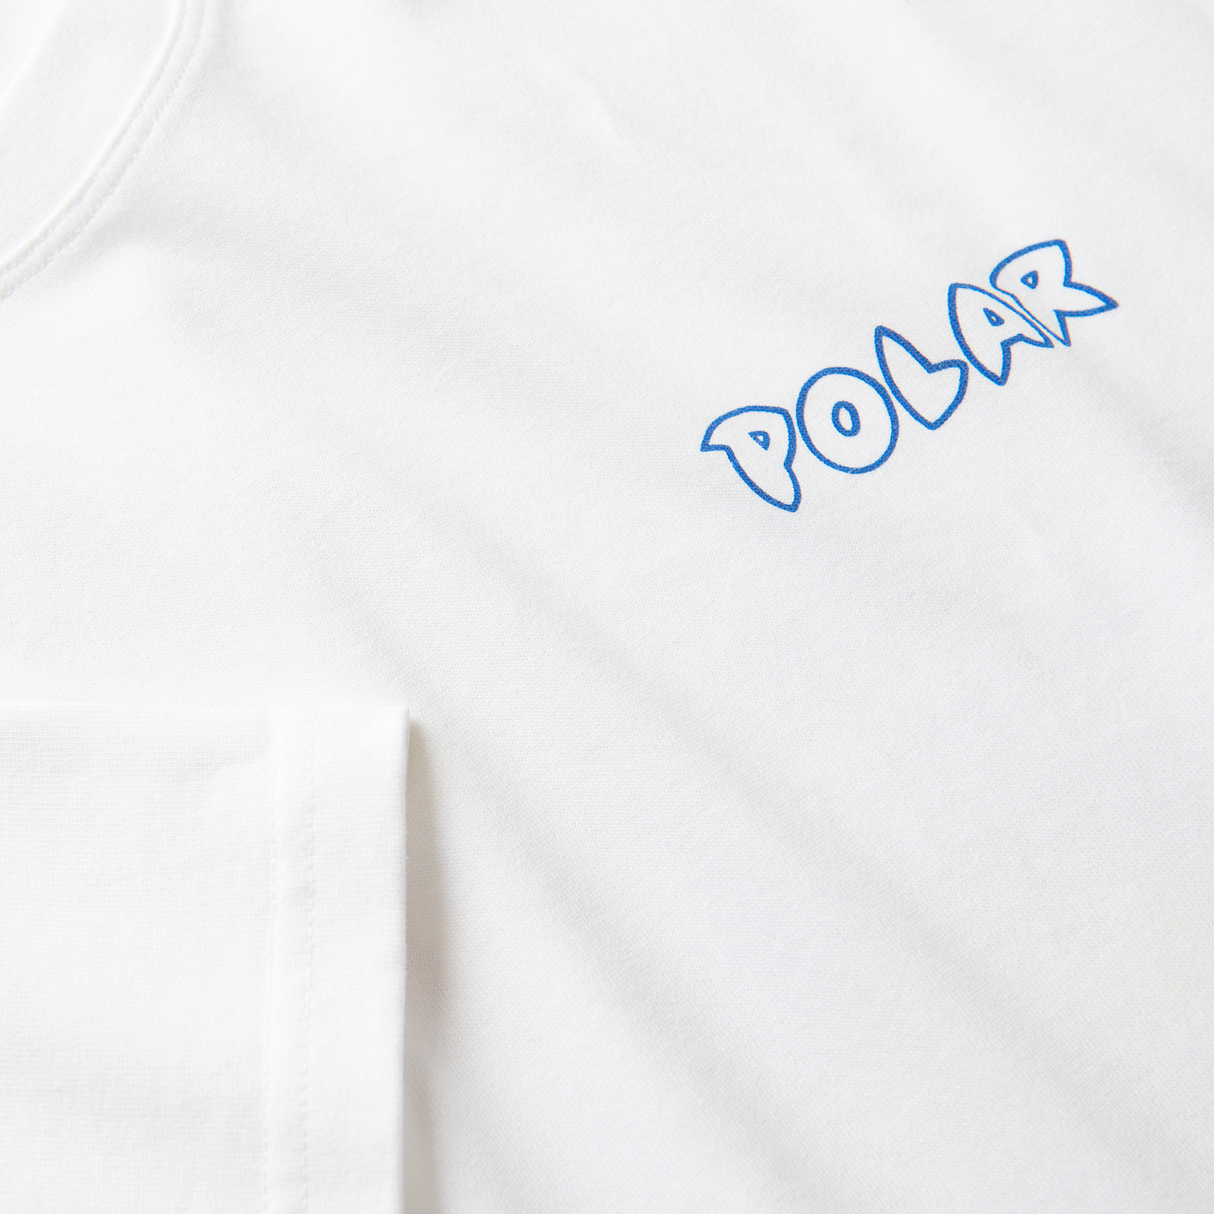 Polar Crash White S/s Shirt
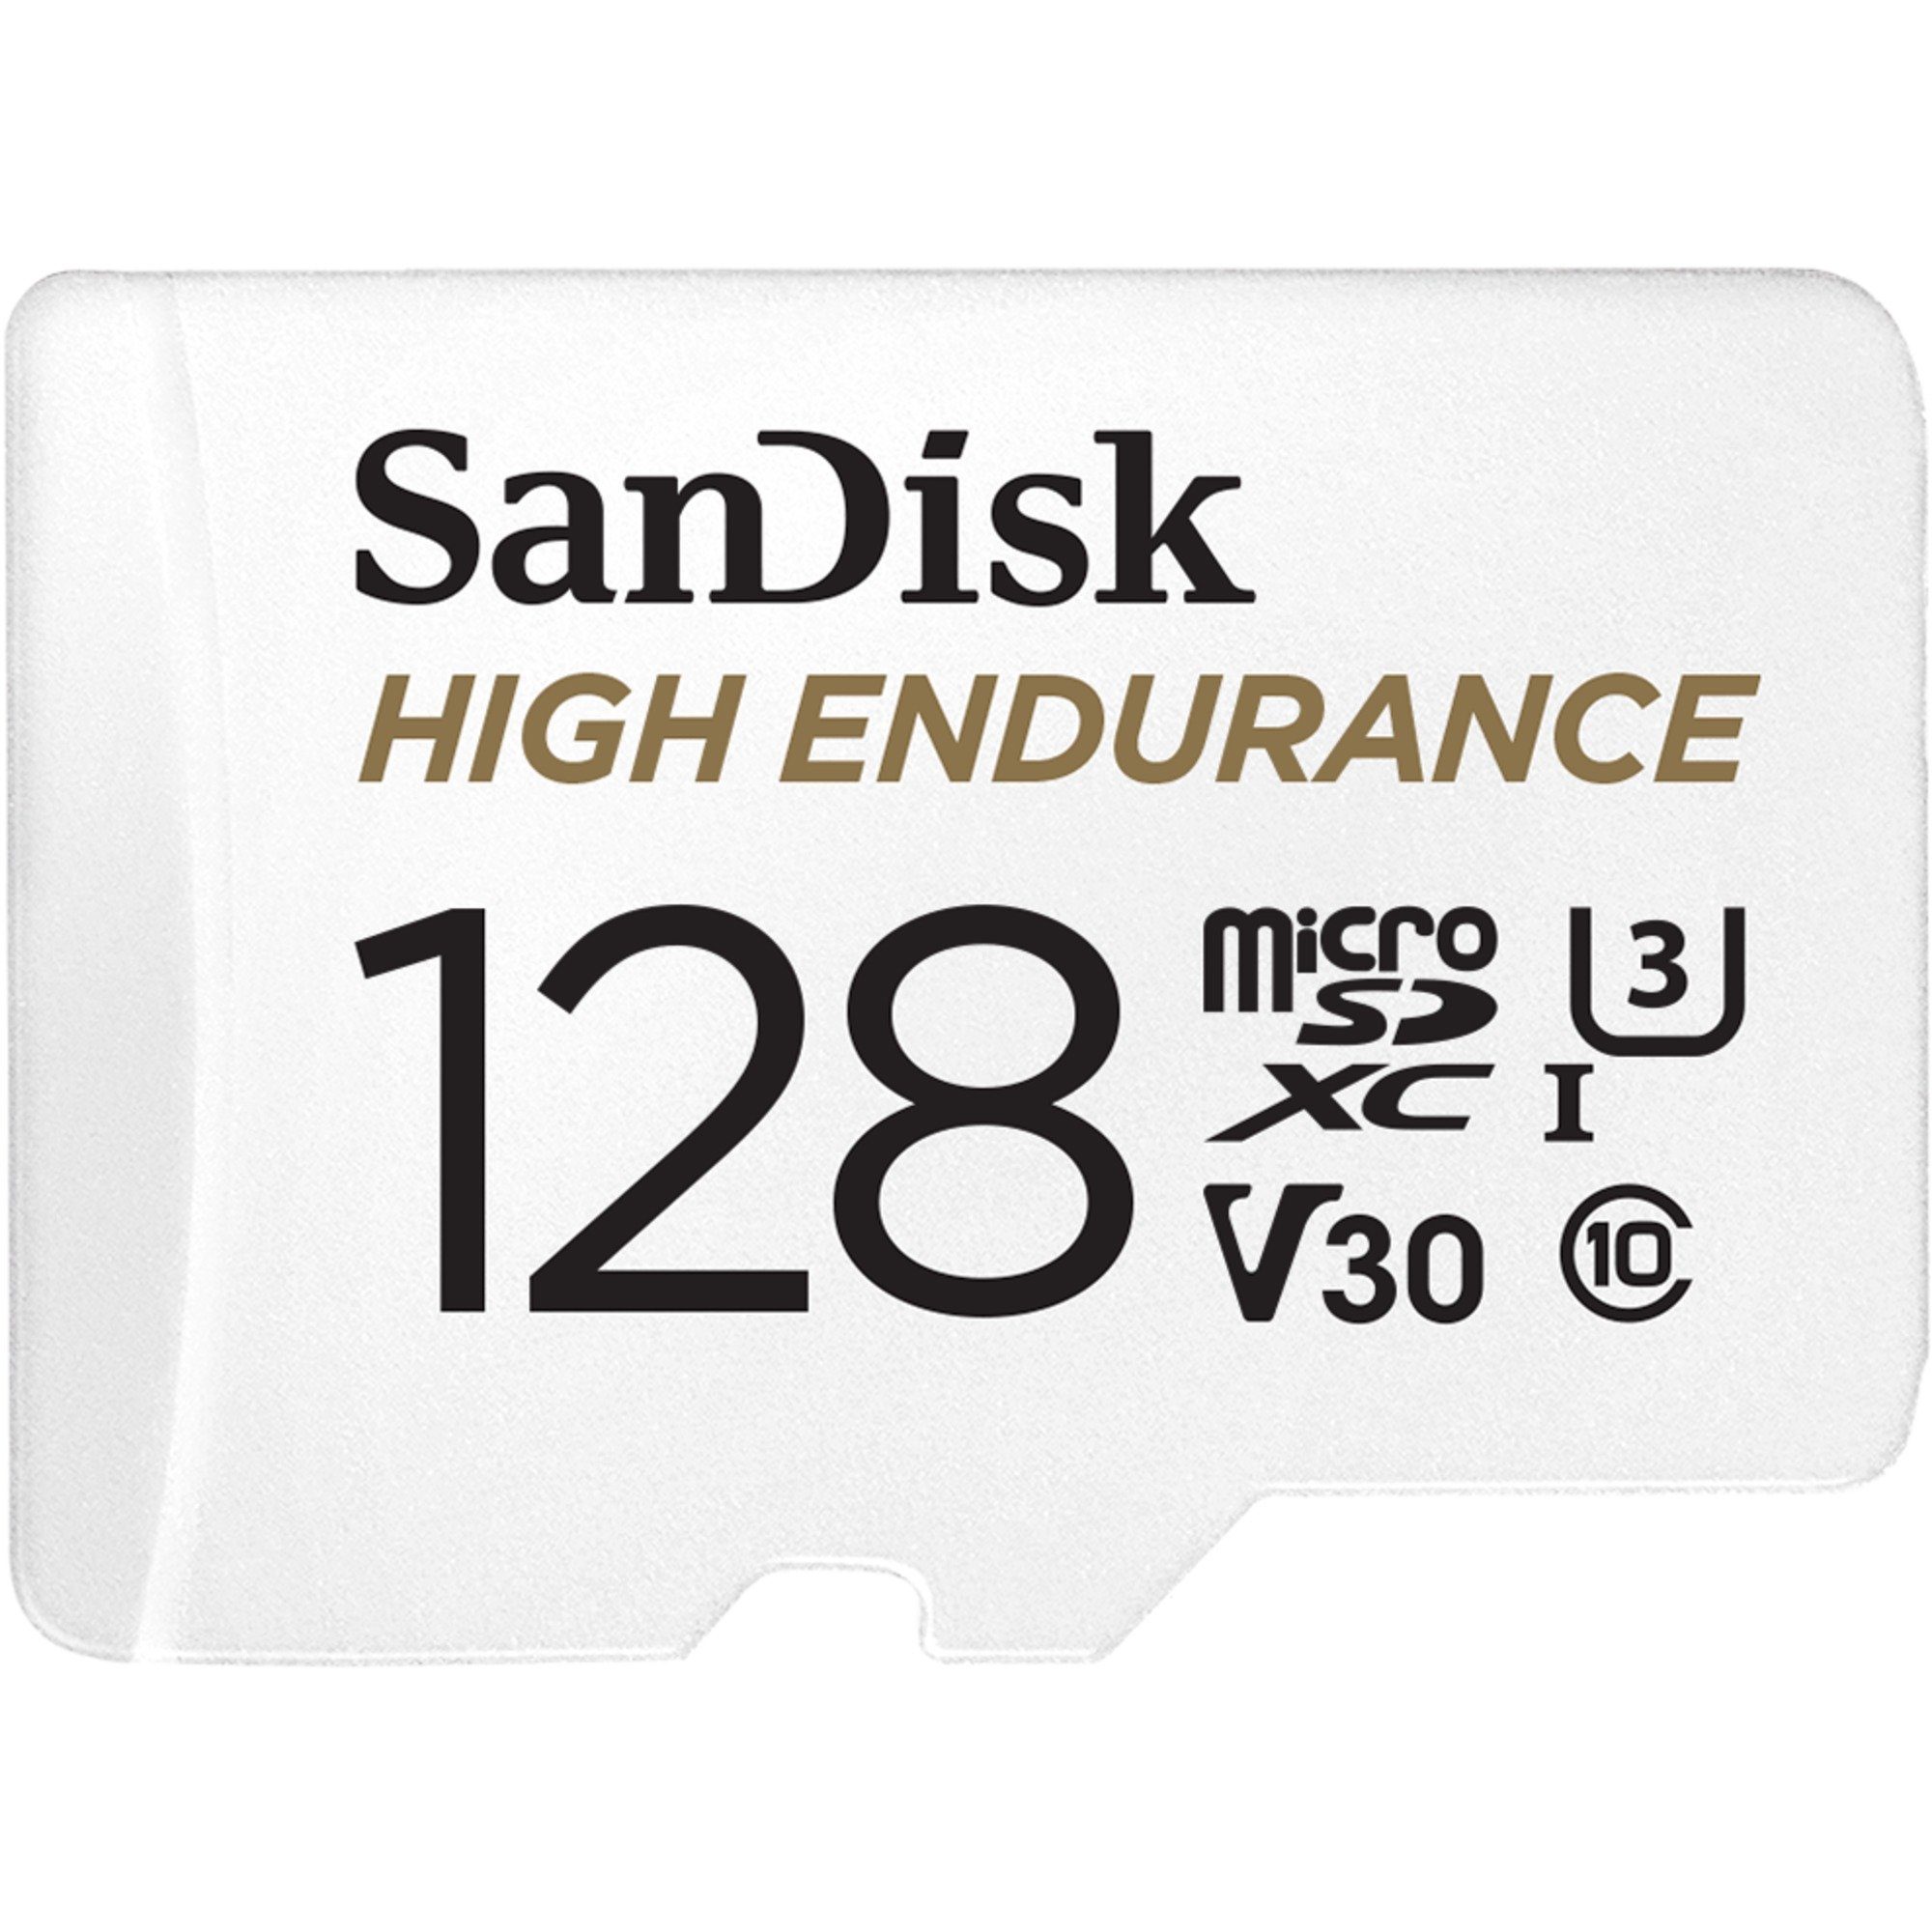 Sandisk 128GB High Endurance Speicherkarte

+--

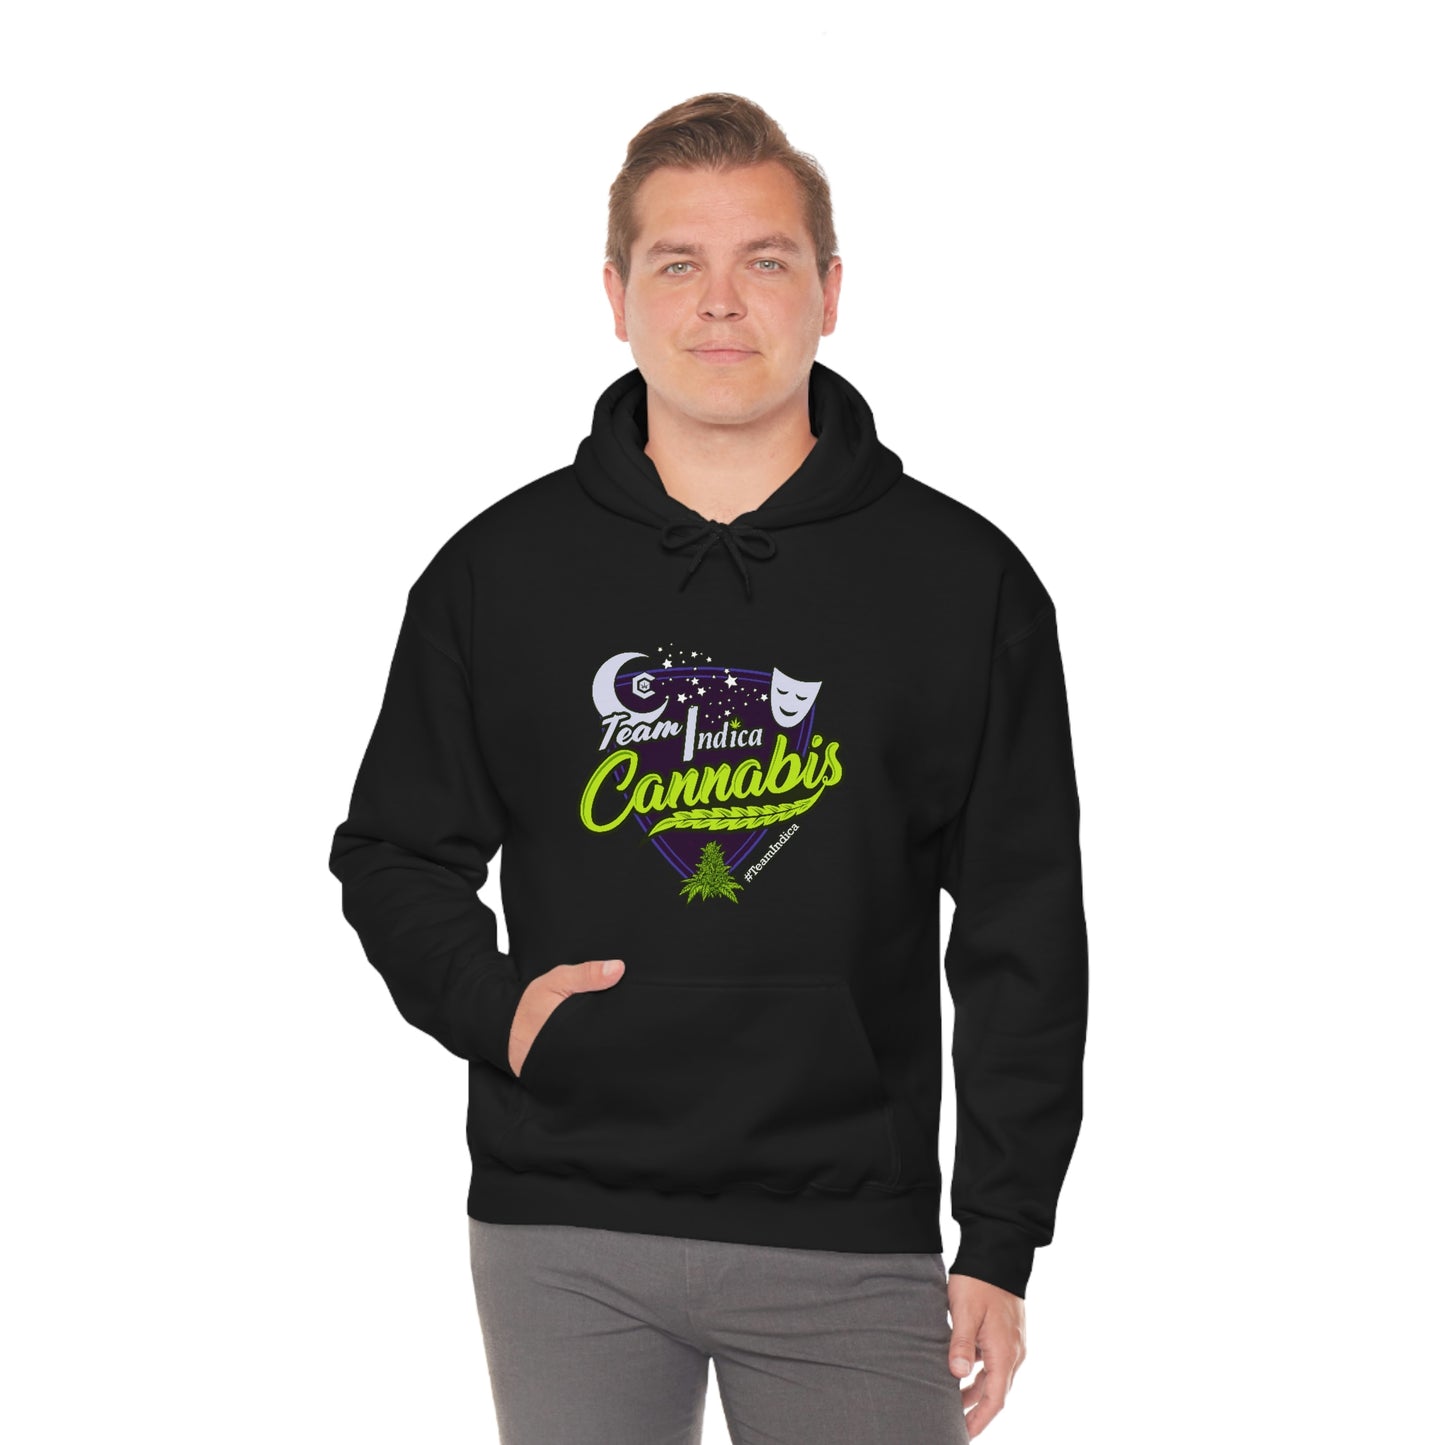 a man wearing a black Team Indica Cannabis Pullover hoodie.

+--

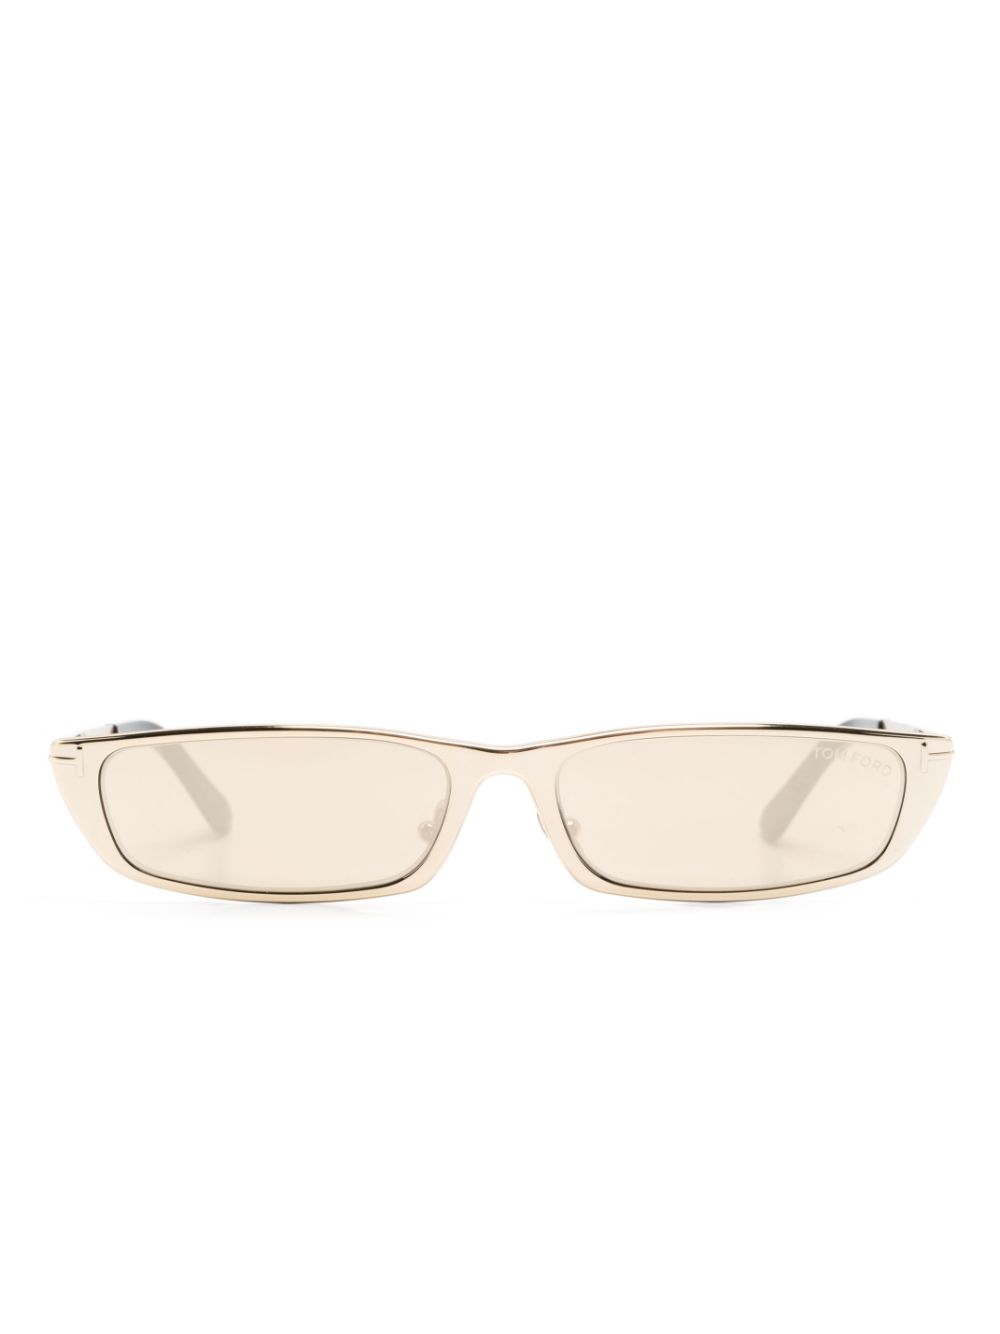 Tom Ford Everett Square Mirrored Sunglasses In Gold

+--

WHAT TO WORK ON: With pictures excluded, reproduce exactly the lines above from the one containing "Polar Crash White S/s Shirt" down to the one containing "Sandisk 128GB High Endurance Speicherkarte", those two included.

OUTPUT FOR THIS EXERCISE:
 Polar Crash White S/s Shirt
 Sandisk 128GB High Endurance Speicherkarte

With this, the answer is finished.